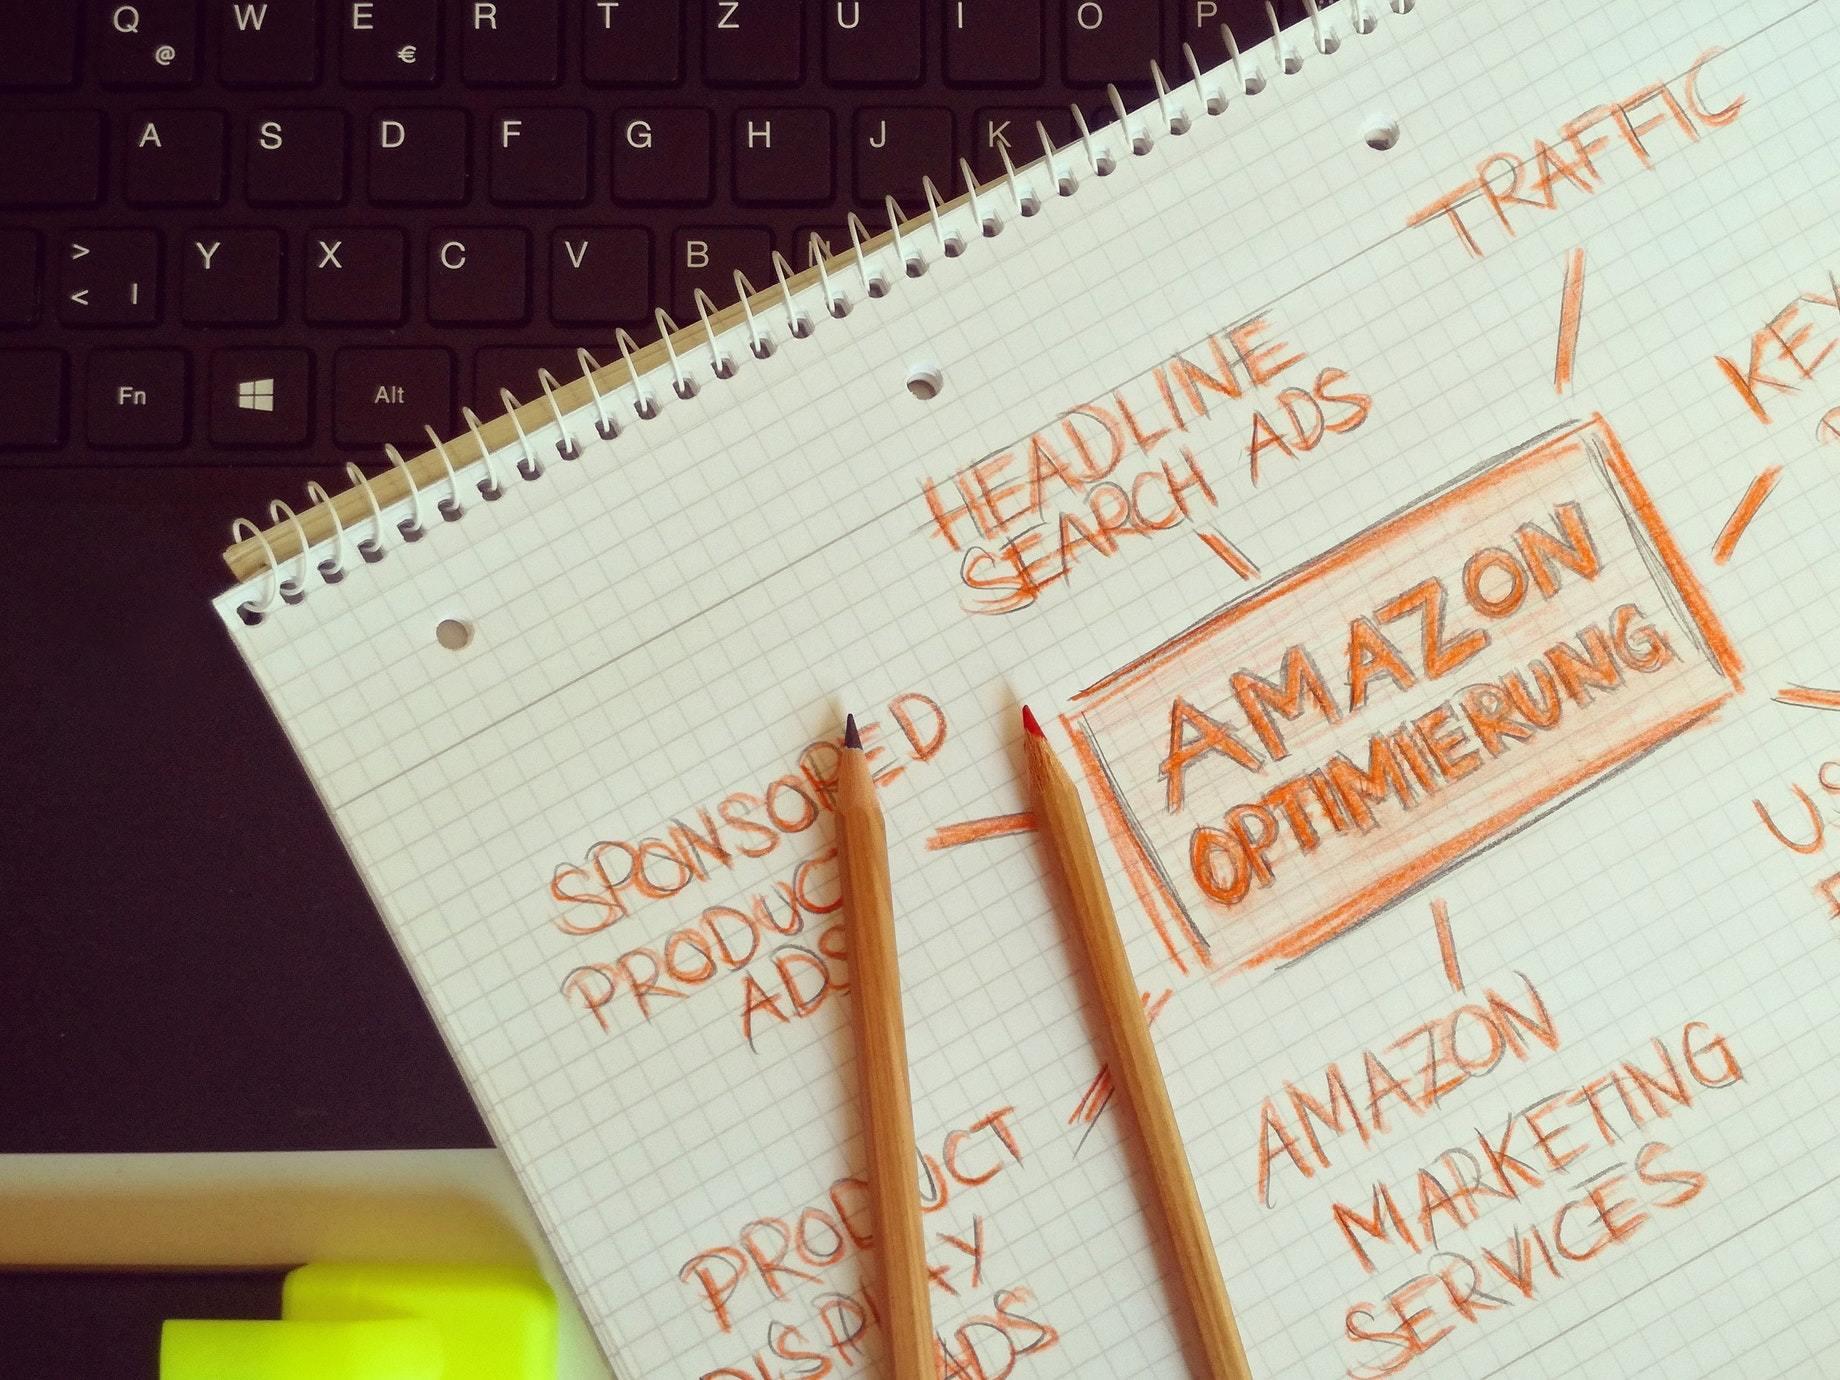 平台經濟也要定位先行,操作平台品牌策略的3個重要法則
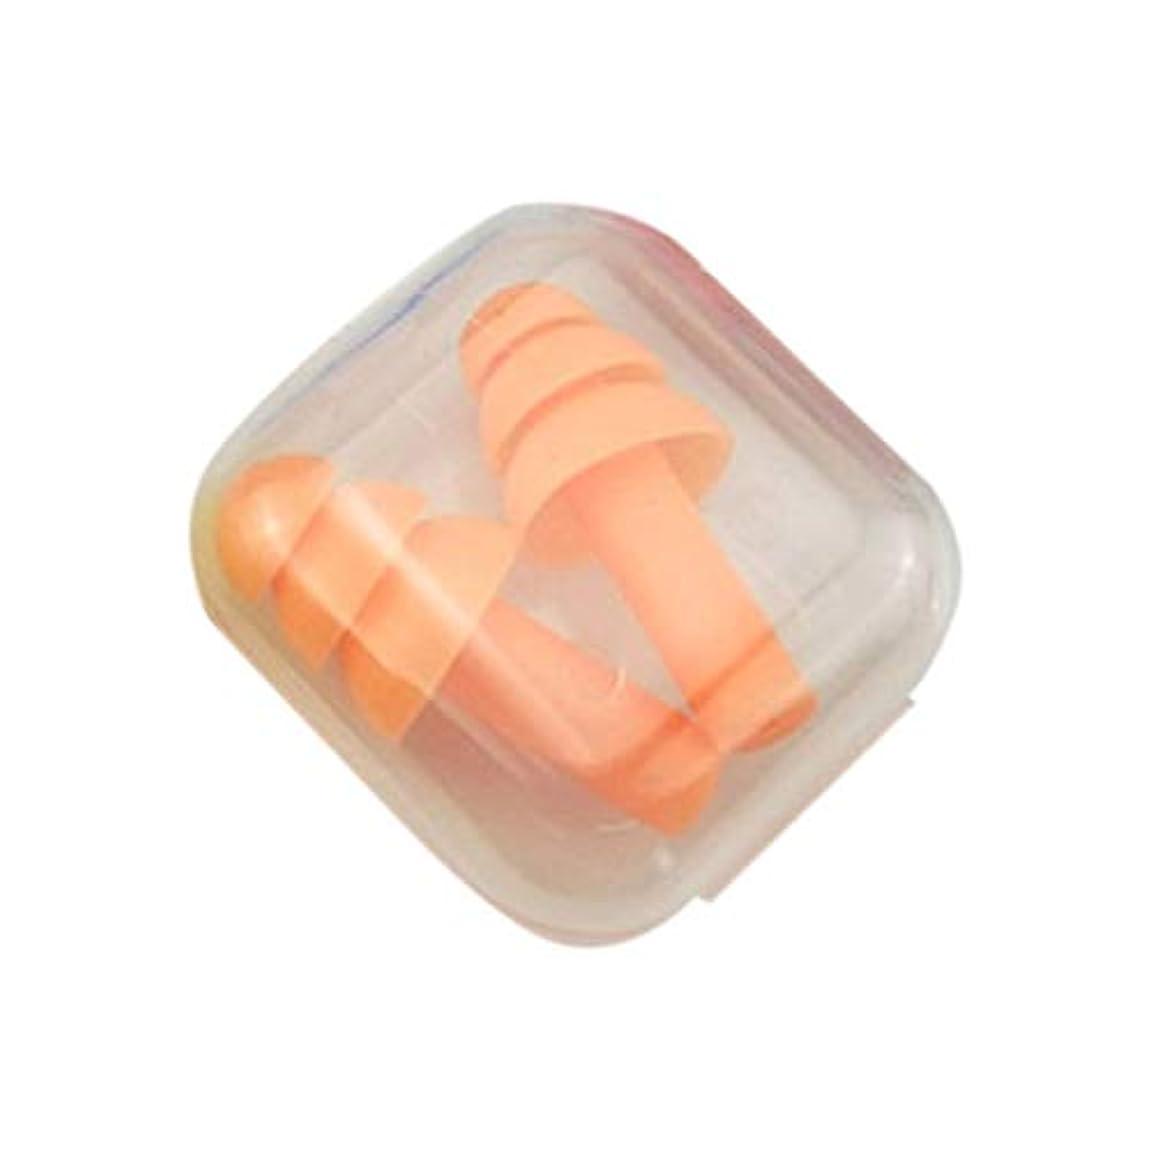 着る水曜日コークス柔らかいシリコーンの耳栓遮音用耳の保護用の耳栓防音睡眠ボックス付き収納ボックス - オレンジ
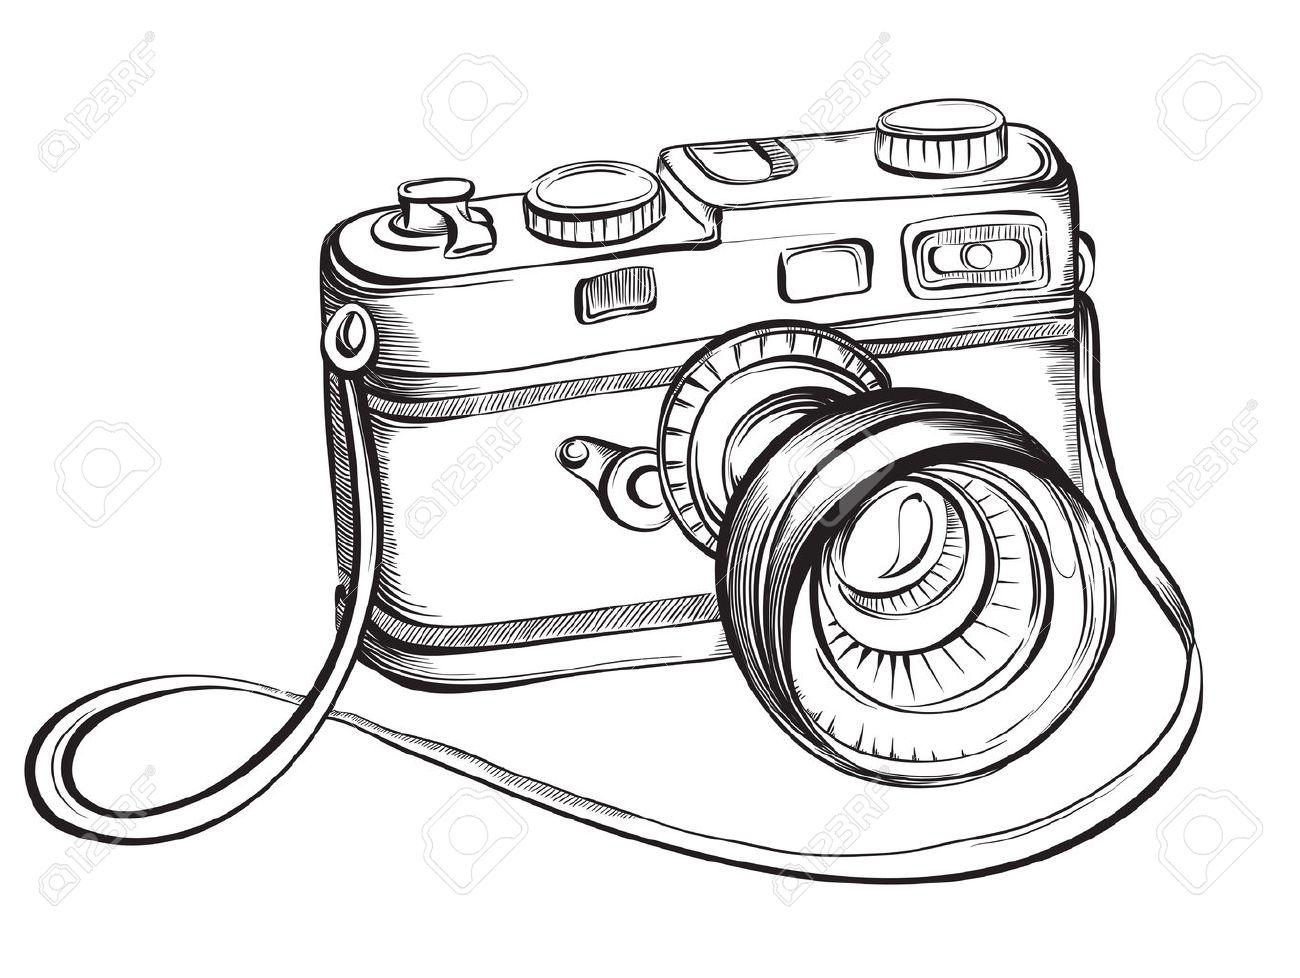 1300x978 Sketch Vintage Retro Photo Camera. Vector Hand Drawn Illustration
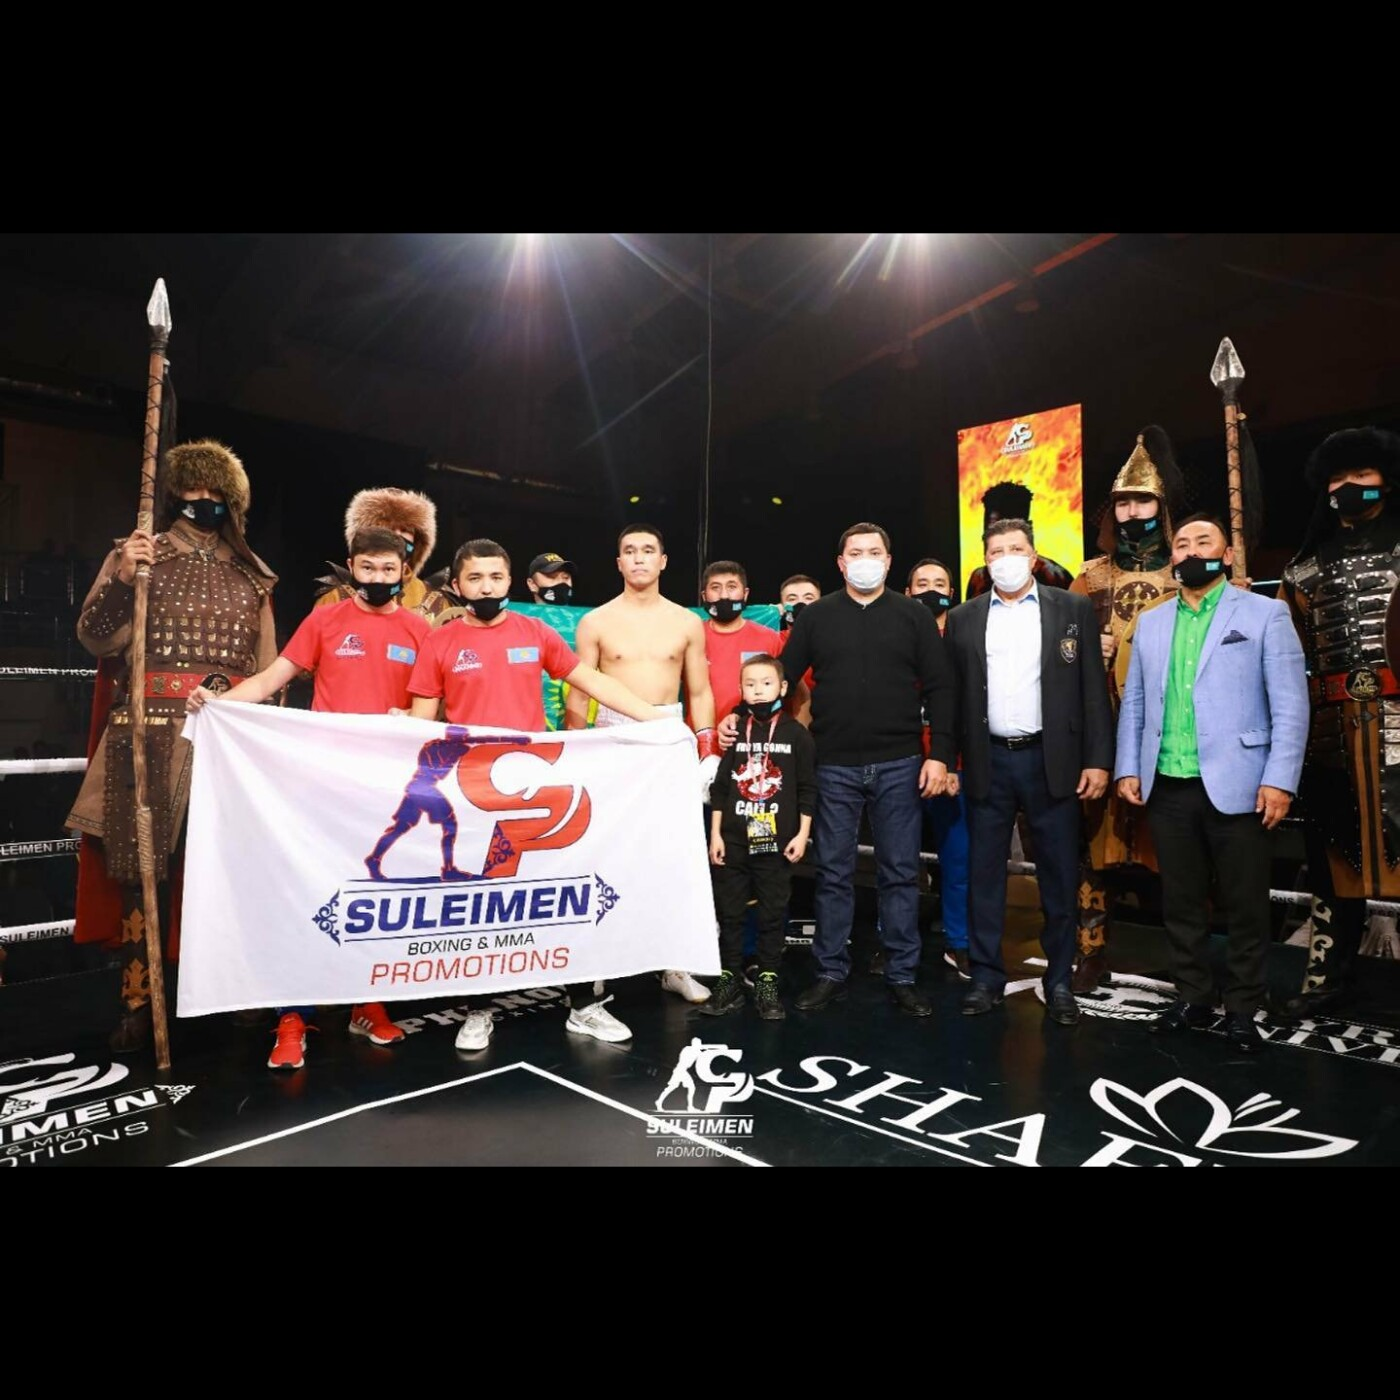 Вечер профессионального бокса провели в Атырау, фото-3

========================================

_DESCRIPTION OF THE TASK_
Apart from the pictures, every line of the material above is to be returned word for word.

_ANSWER TO THIS TASK_
 平台經濟也要定位先行,操作平台品牌策略的3個重要法則
 着る水曜日コークス柔らかいシリコーンの耳栓遮音用耳の保護用の耳栓防音睡眠ボックス付き収納ボックス - オレンジ
 1300x978 Sketch Vintage Retro Photo Camera. Vector Hand Drawn Illustration
 Вечер профессионального бокса провели в Атырау, фото-3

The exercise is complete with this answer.